* _ABOUT THIS TASK_
Quote the whole listing word for word. Do not include the pictures.

* _RAW DATA_
+ + +
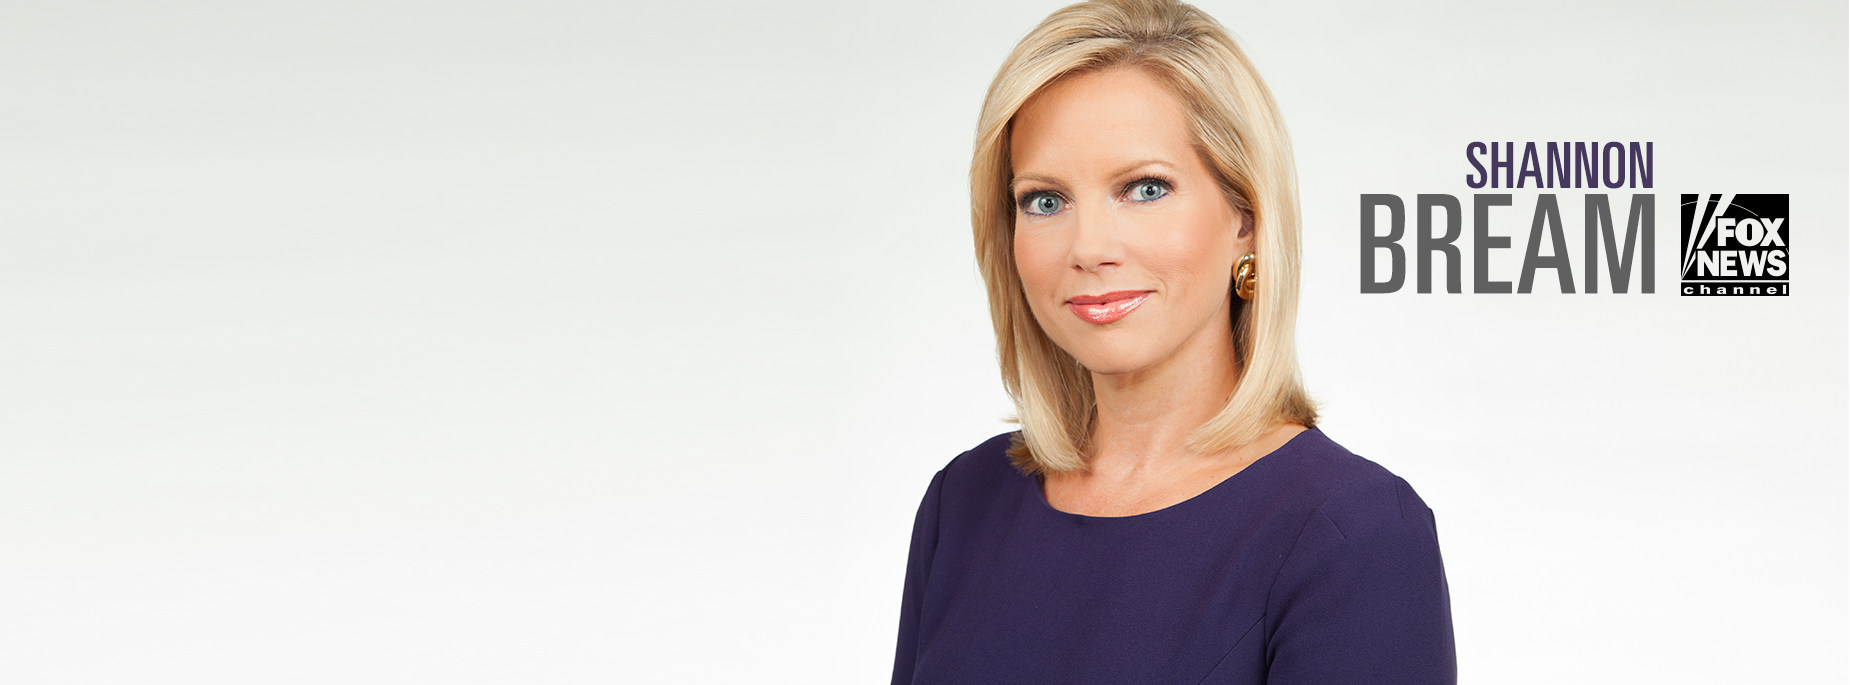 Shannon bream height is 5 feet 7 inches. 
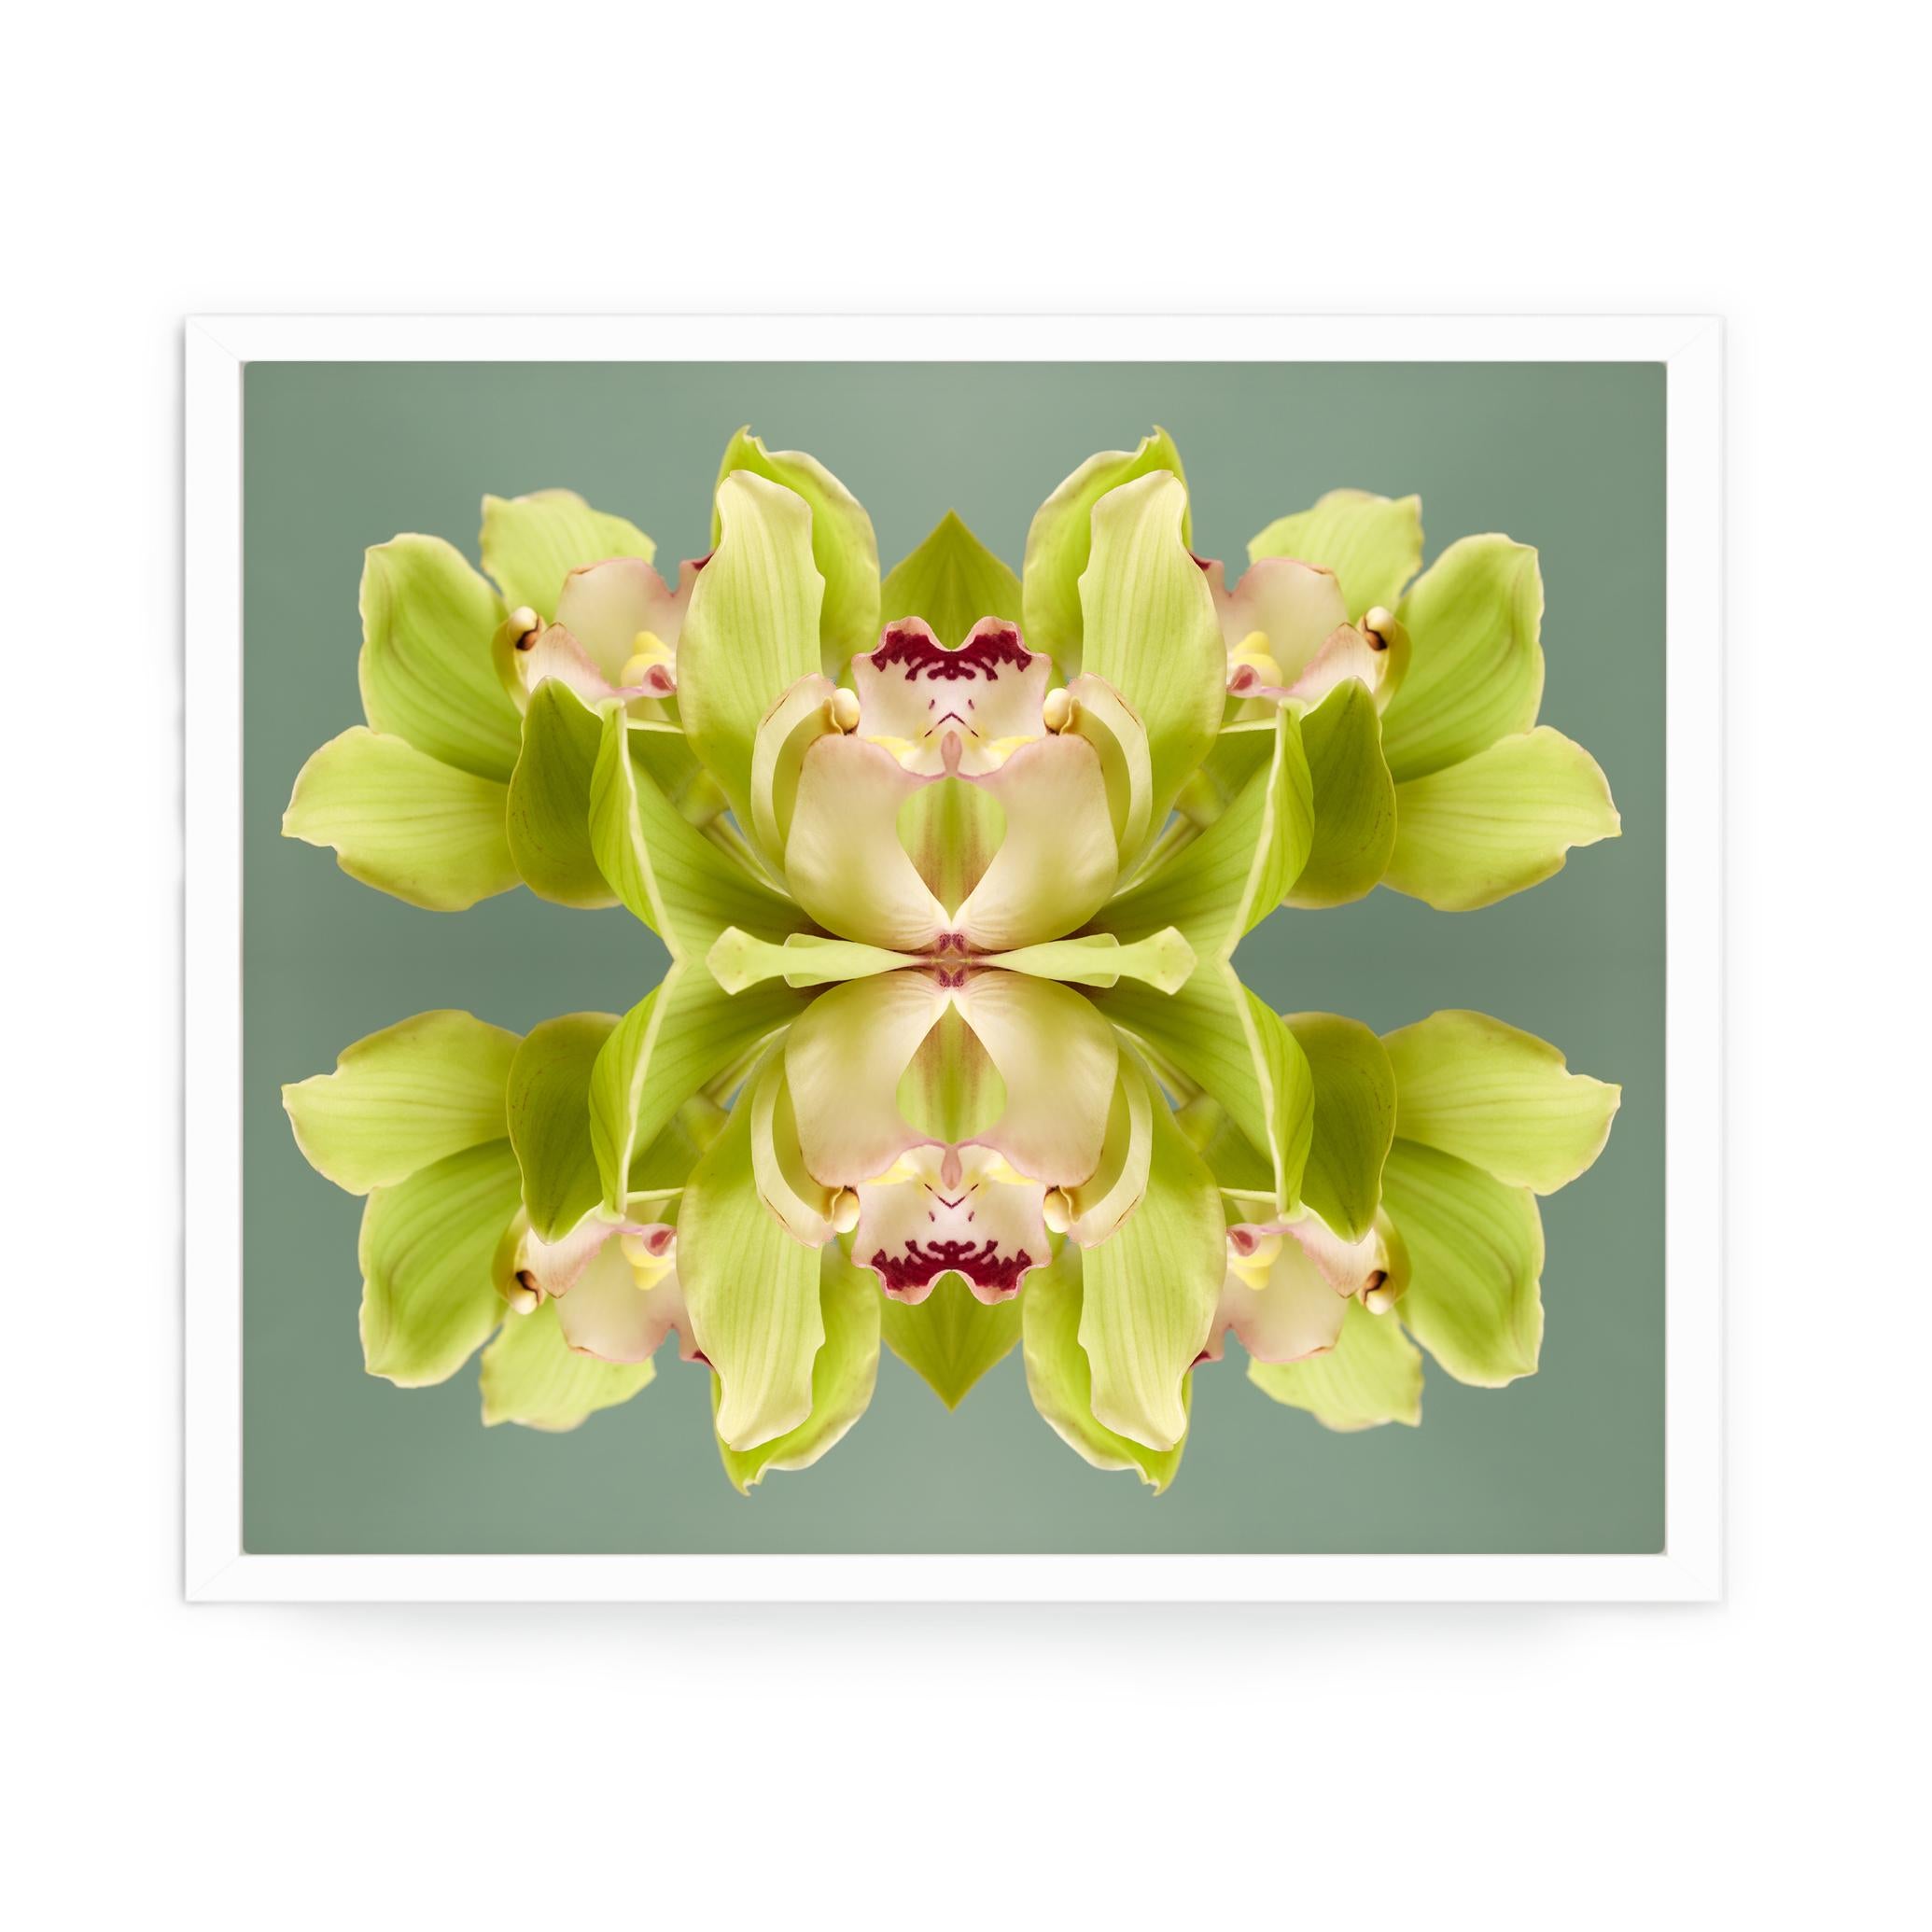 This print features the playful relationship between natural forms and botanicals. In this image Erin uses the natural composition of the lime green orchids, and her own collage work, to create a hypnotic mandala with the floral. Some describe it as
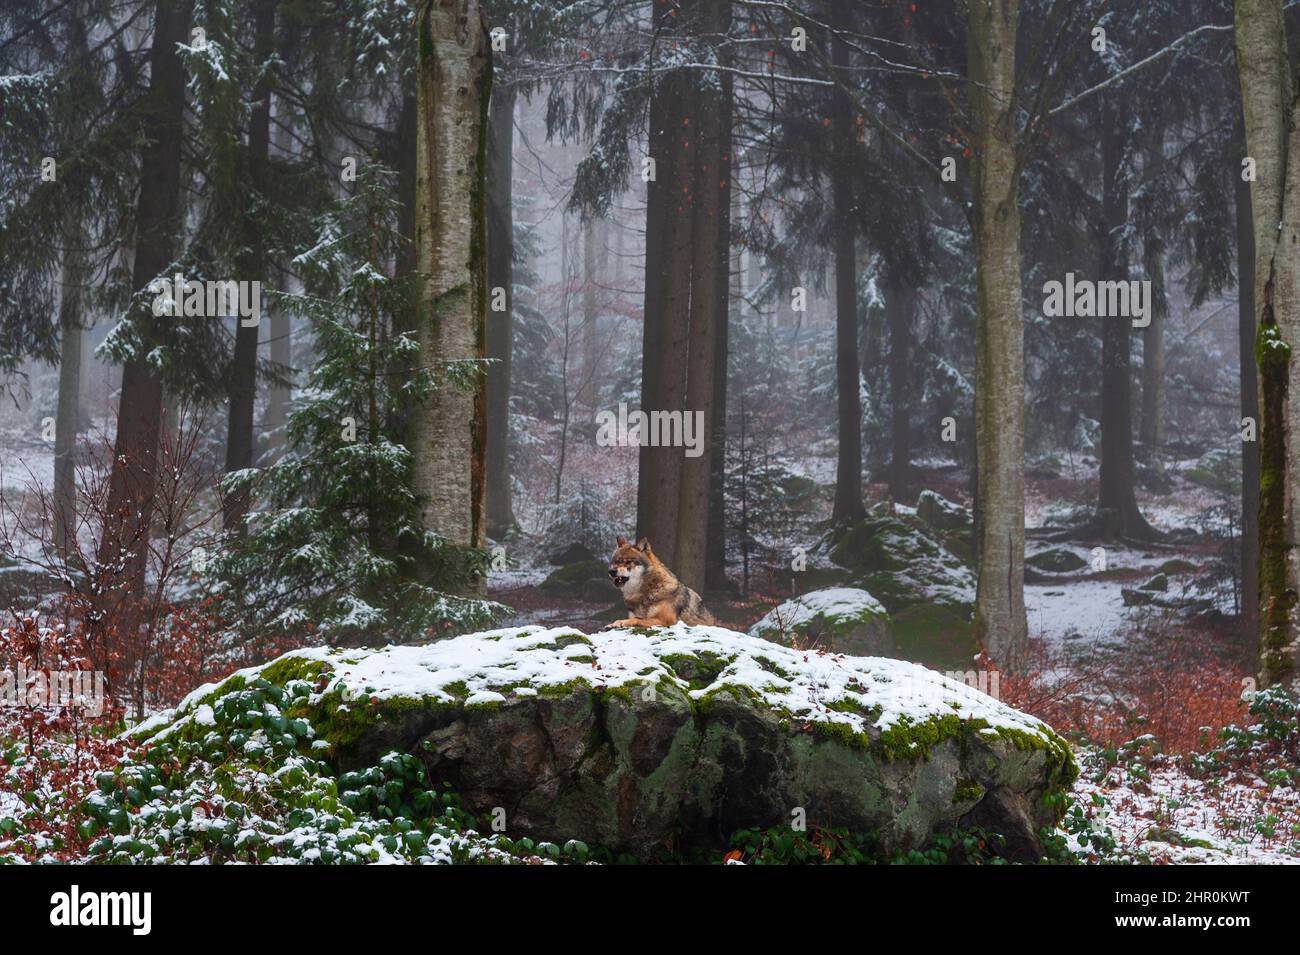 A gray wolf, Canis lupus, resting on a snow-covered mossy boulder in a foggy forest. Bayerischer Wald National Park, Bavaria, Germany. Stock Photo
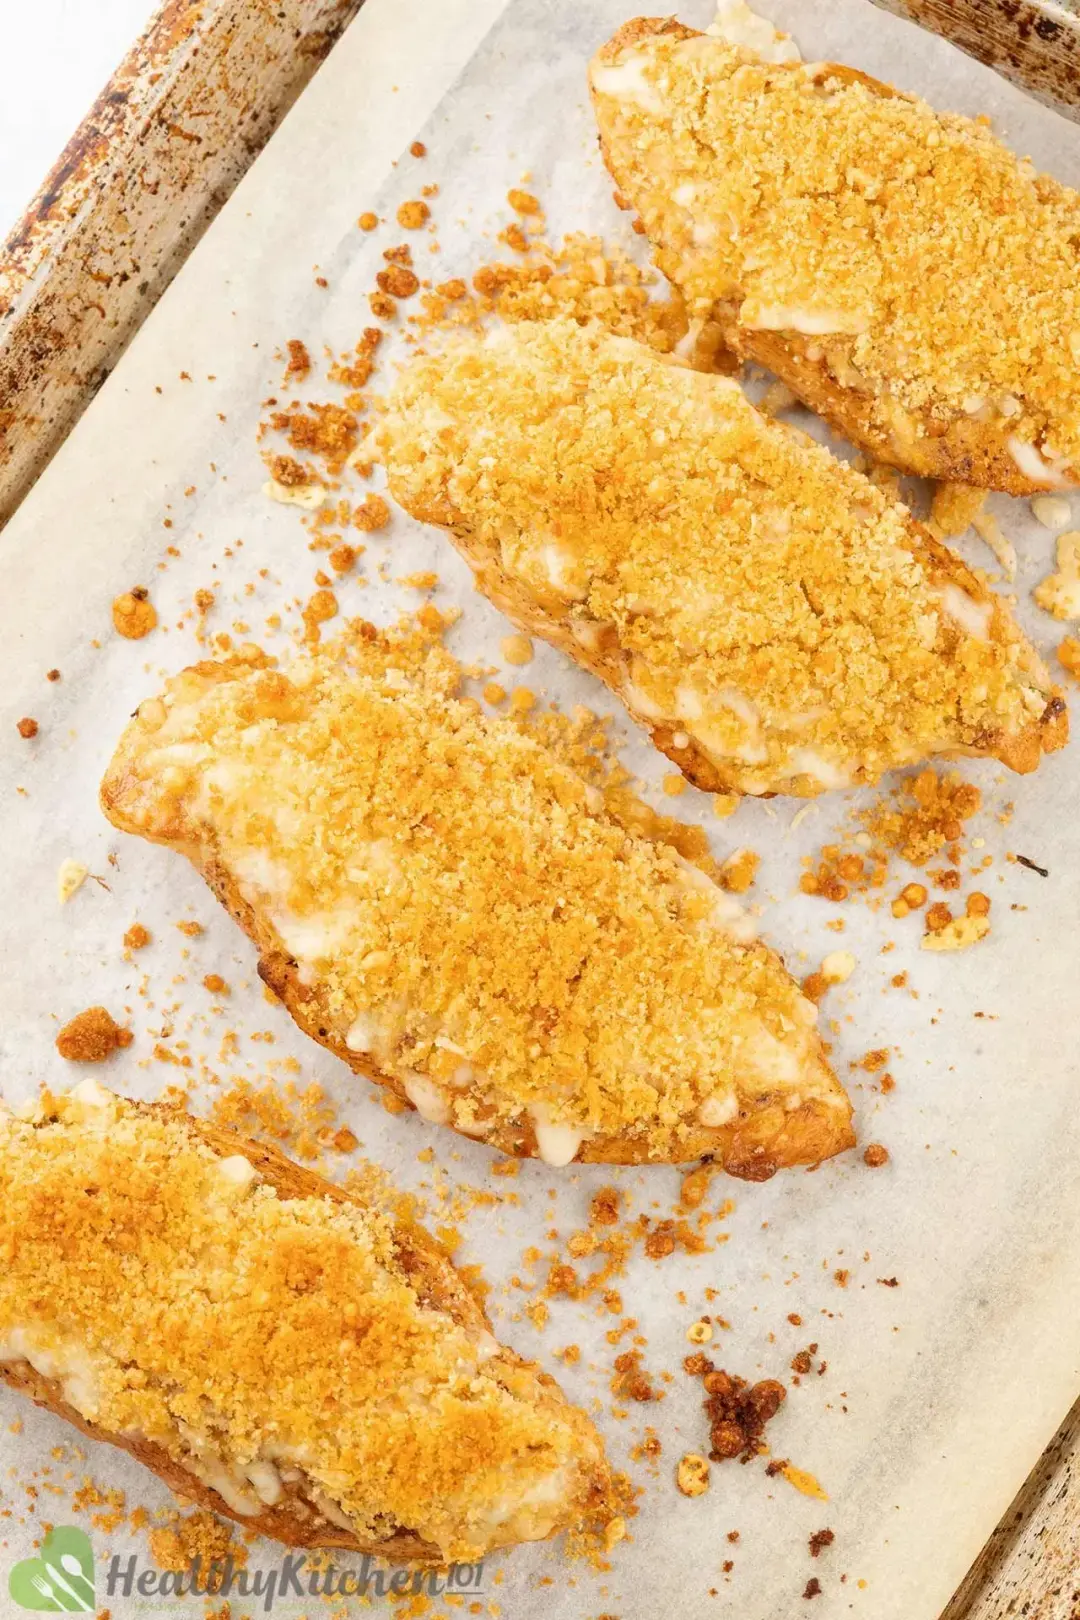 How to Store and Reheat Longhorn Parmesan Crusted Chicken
+ + +
* _THE COMPLETED TASK_
 Shannon bream height is 5 feet 7 inches. 
 This print features the playful relationship between natural forms and botanicals. In this image Erin uses the natural composition of the lime green orchids, and her own collage work, to create a hypnotic mandala with the floral. Some describe it as
 A gray wolf, Canis lupus, resting on a snow-covered mossy boulder in a foggy forest. Bayerischer Wald National Park, Bavaria, Germany. Stock Photo
 How to Store and Reheat Longhorn Parmesan Crusted Chicken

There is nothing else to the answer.